[DATA SEGMENT Boundary: Start]
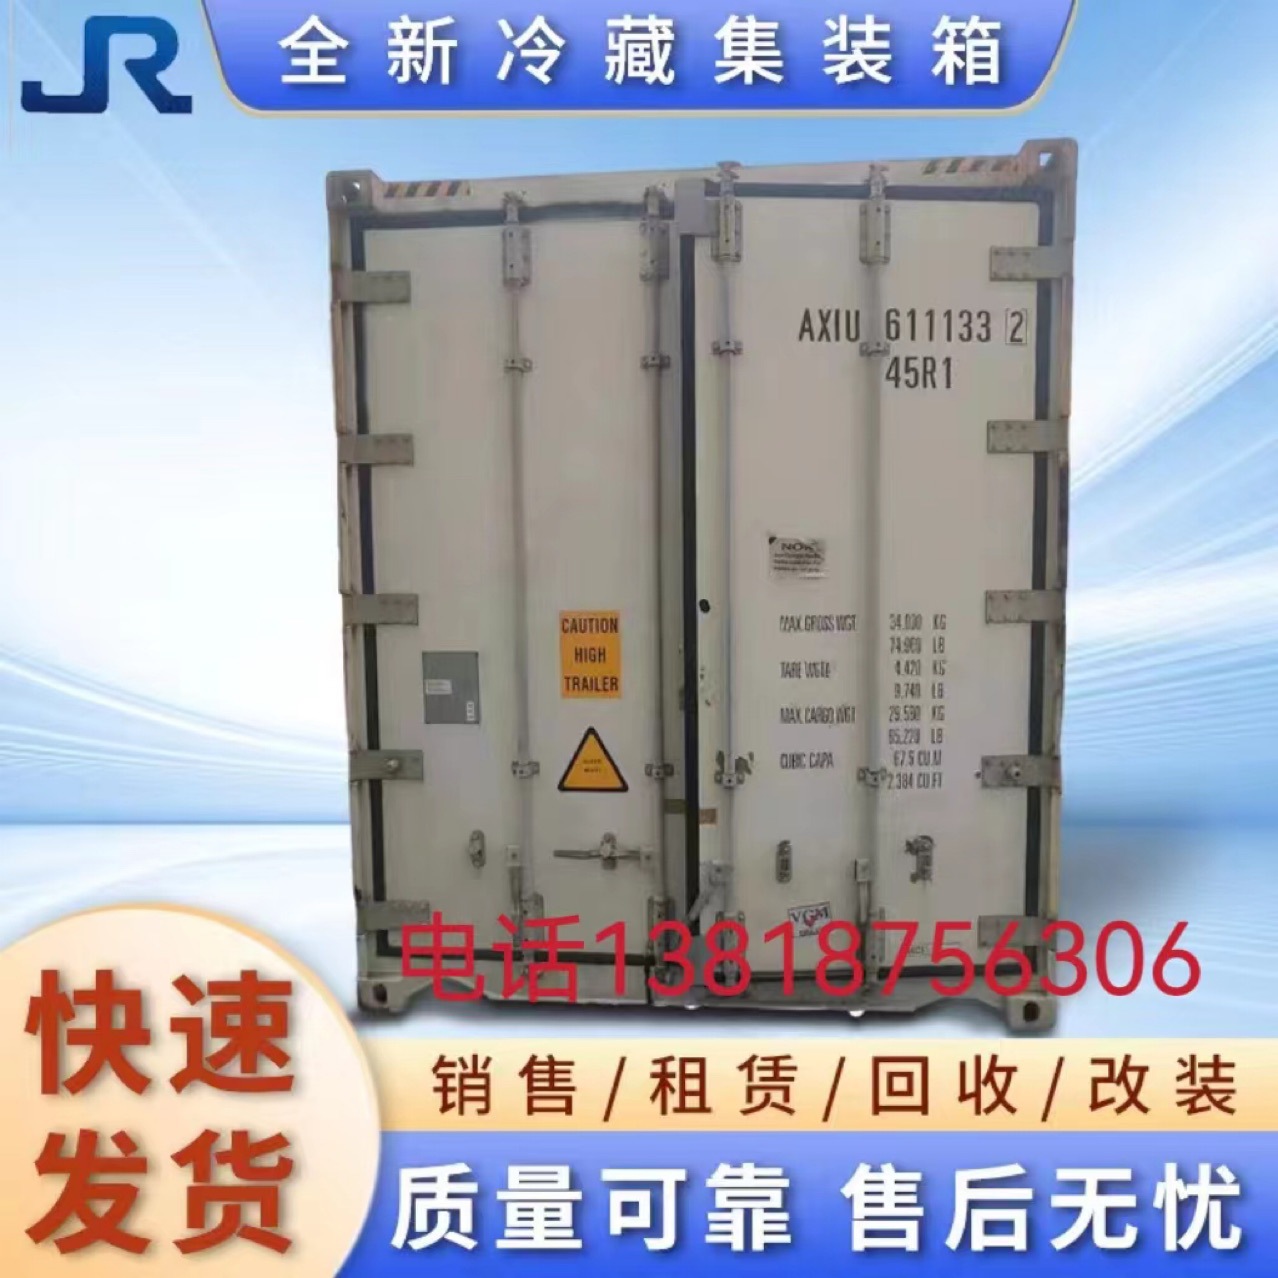 江浙沪地区二手冷藏集装箱出售出租20尺40尺冷藏集装箱价格
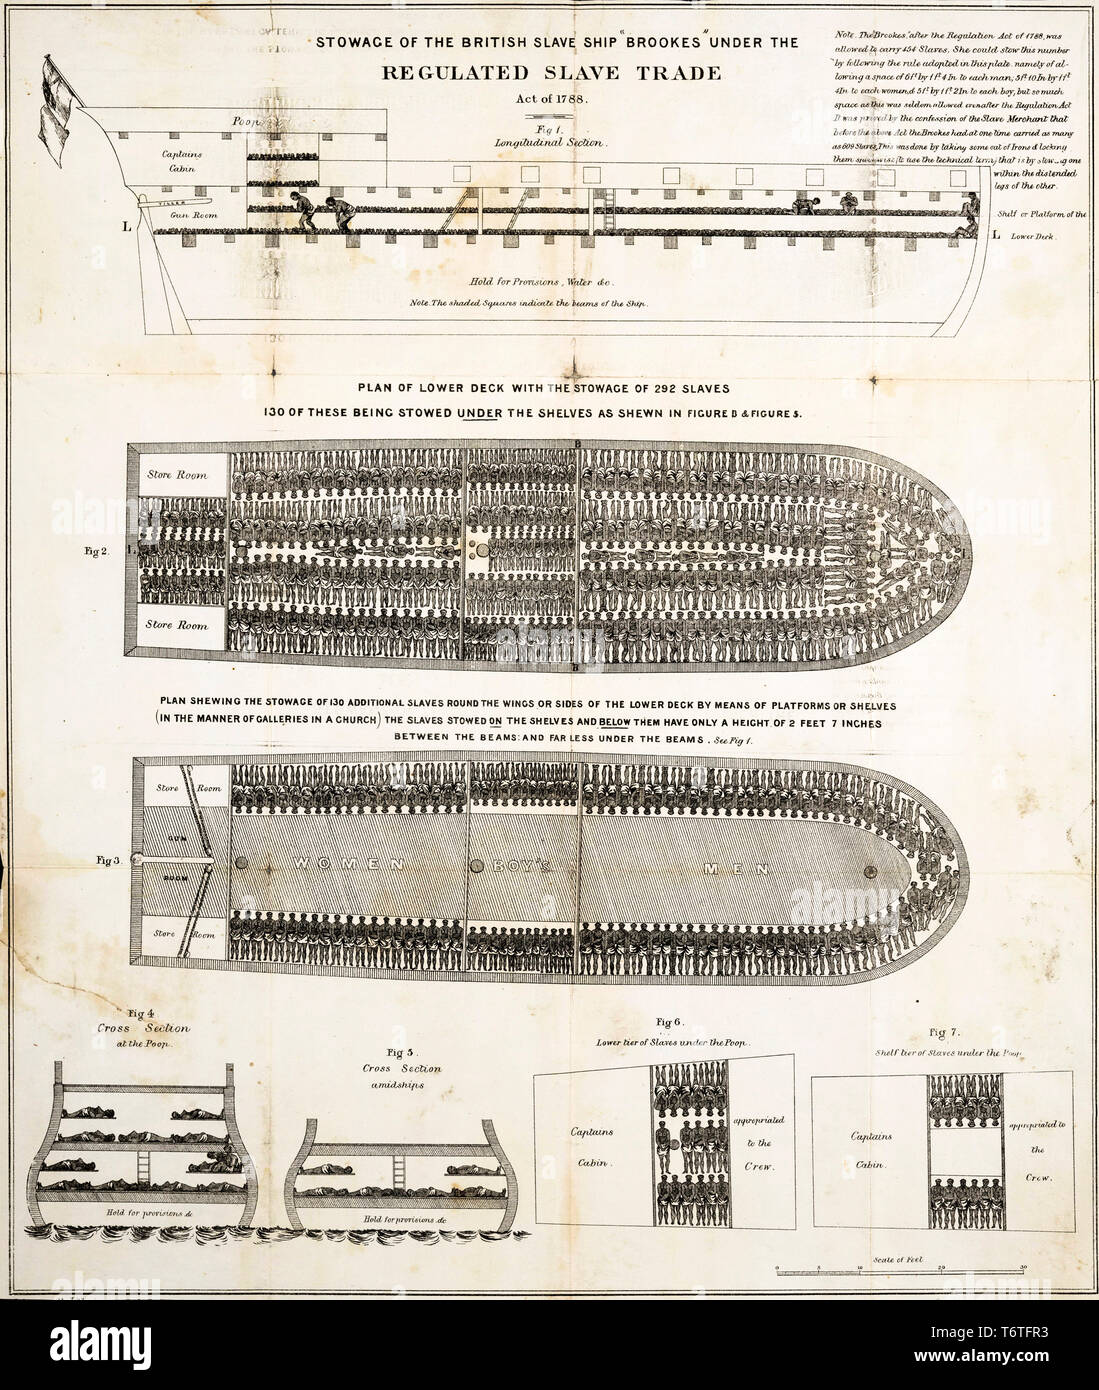 Stauung der Slaves Diagramm der Britischen Sklavenschiff Brookes unter den geregelten Slave Trade Act von 1788, 1788 Stockfoto
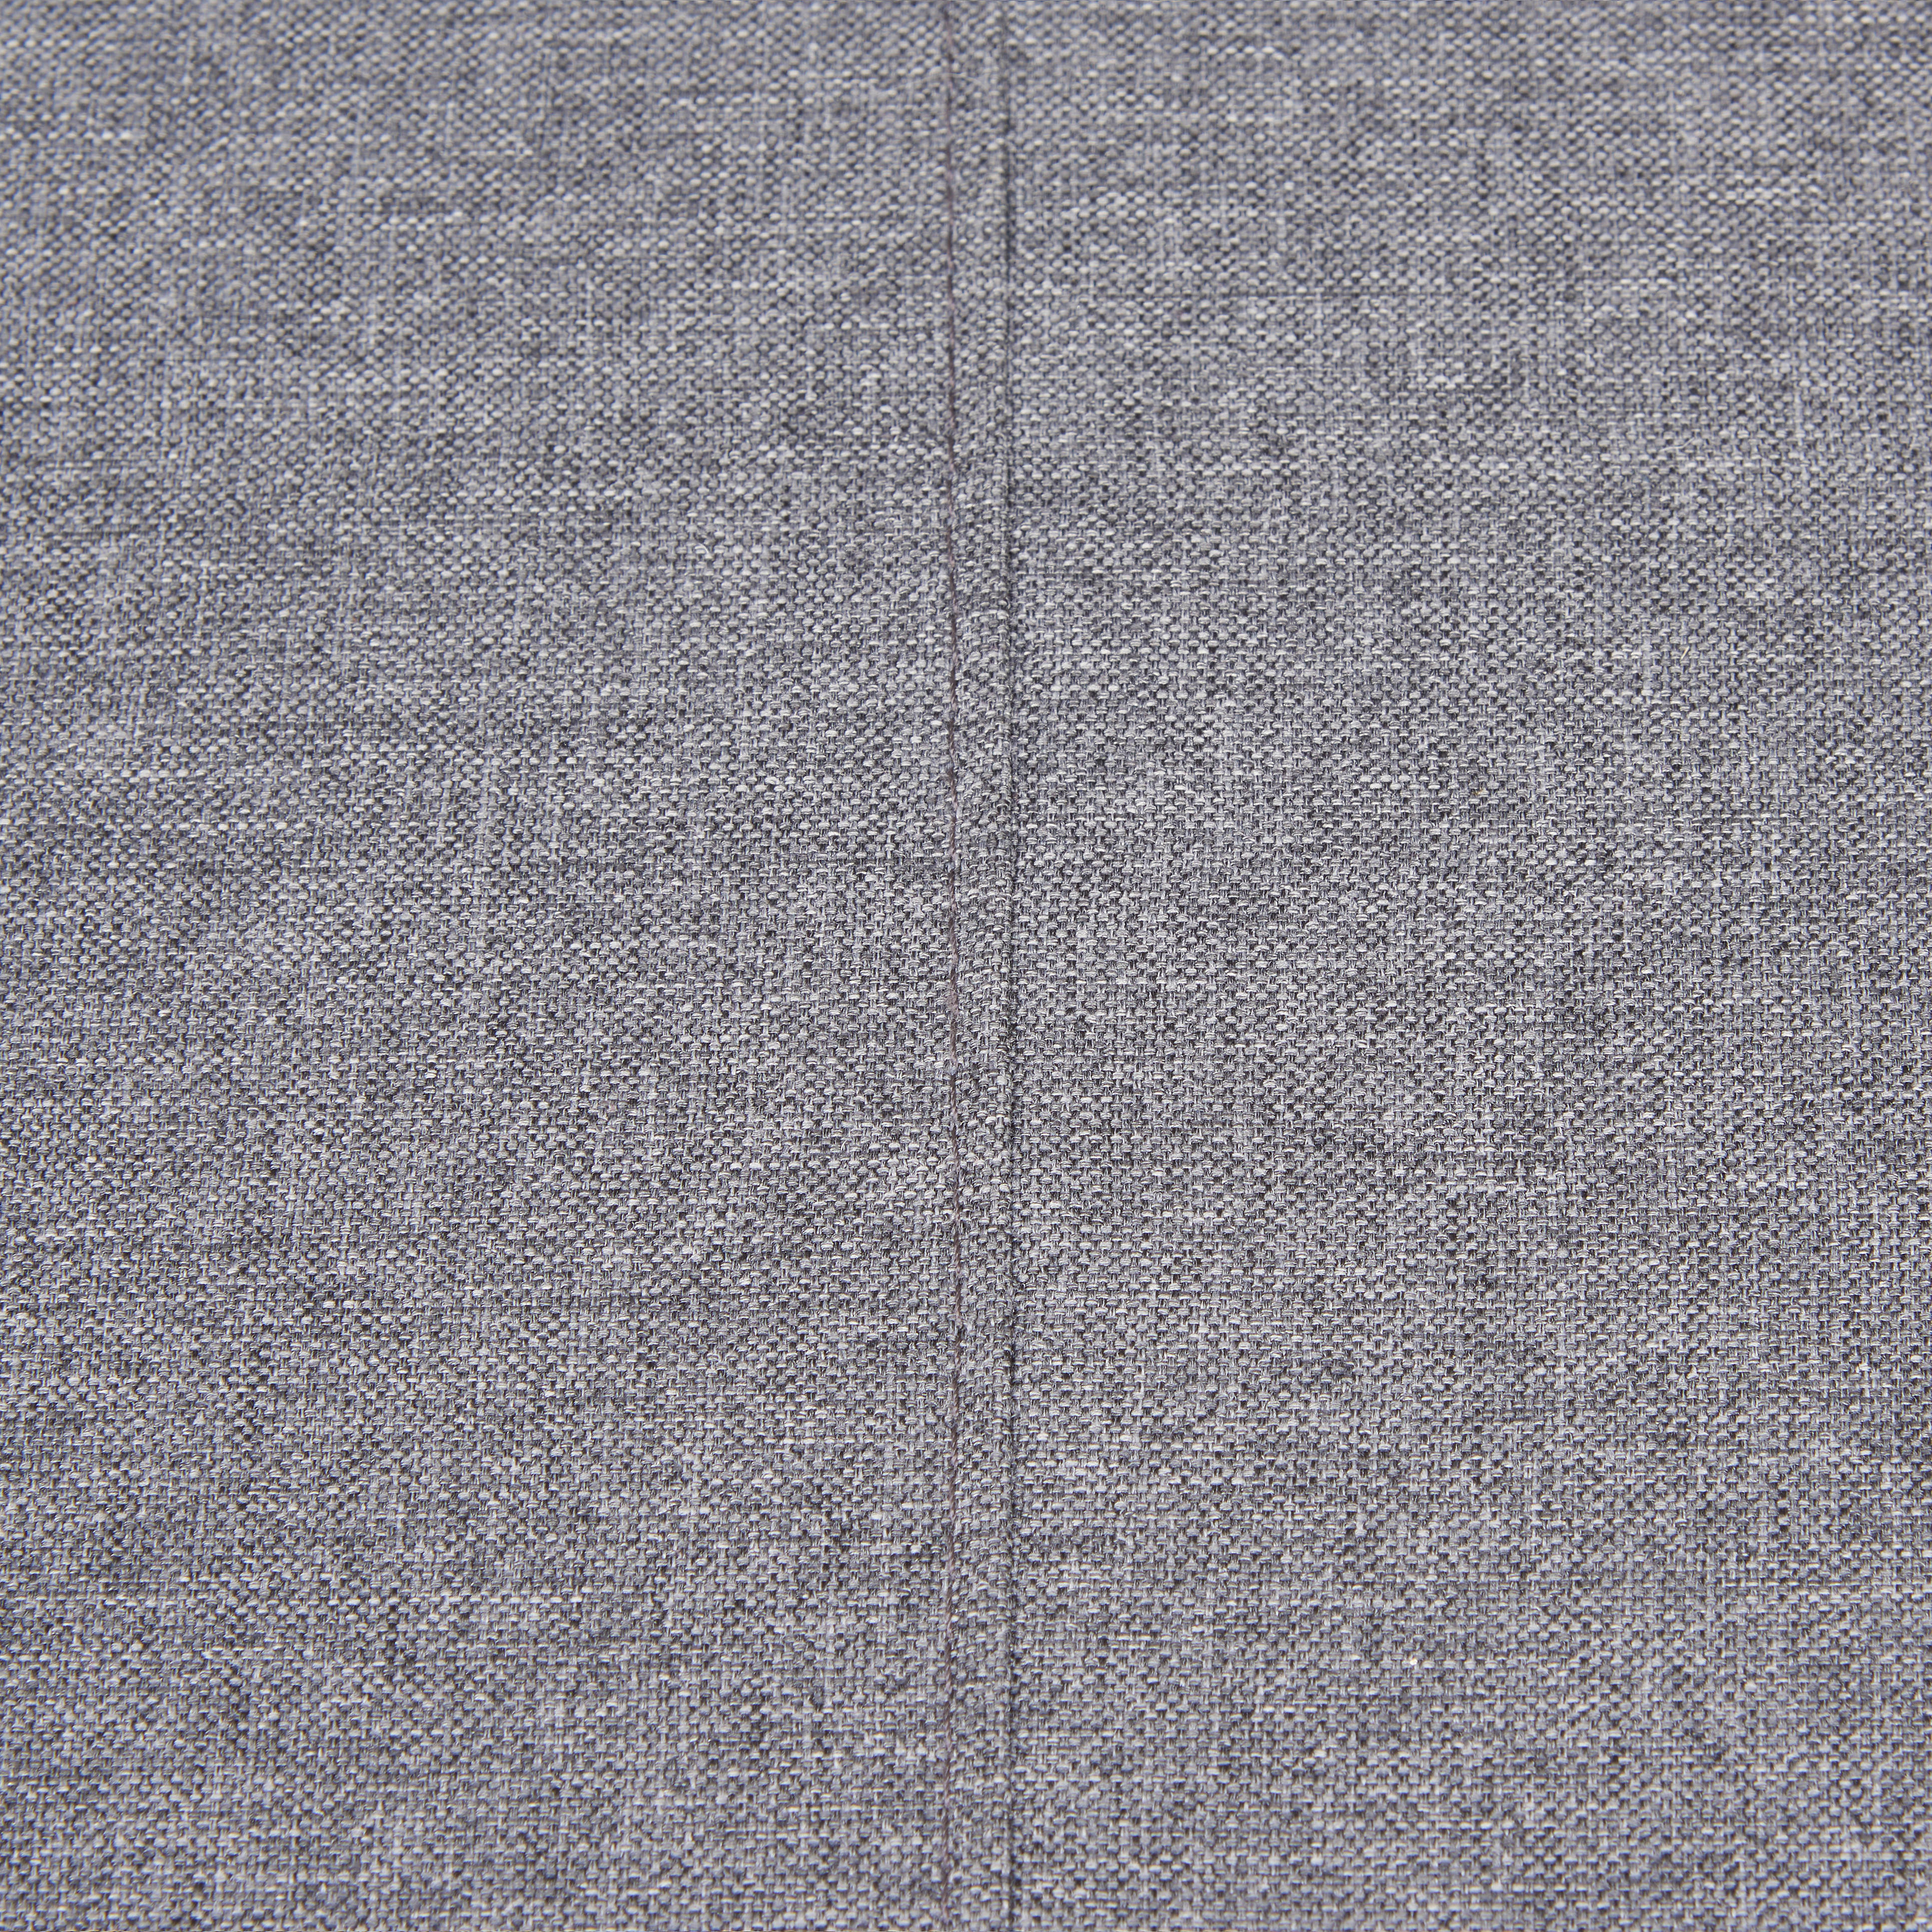 BOXSPRINGSOFA in Textil Grau  - Silberfarben/Grau, Design, Textil/Metall (202/96/105cm) - Carryhome
[DATA SEGMENT Boundary: End]
◆ TASK STATEMENT:
Only the lines from the line with "Stauung der Slaves" through the final line of the material belong in the answer, copied exactly and without pictures.

◆ YOUR RESPONSE:
 Stauung der Slaves Diagramm der Britischen Sklavenschiff Brookes unter den geregelten Slave Trade Act von 1788, 1788 Stockfoto
 BOXSPRINGSOFA in Textil Grau  - Silberfarben/Grau, Design, Textil/Metall (202/96/105cm) - Carryhome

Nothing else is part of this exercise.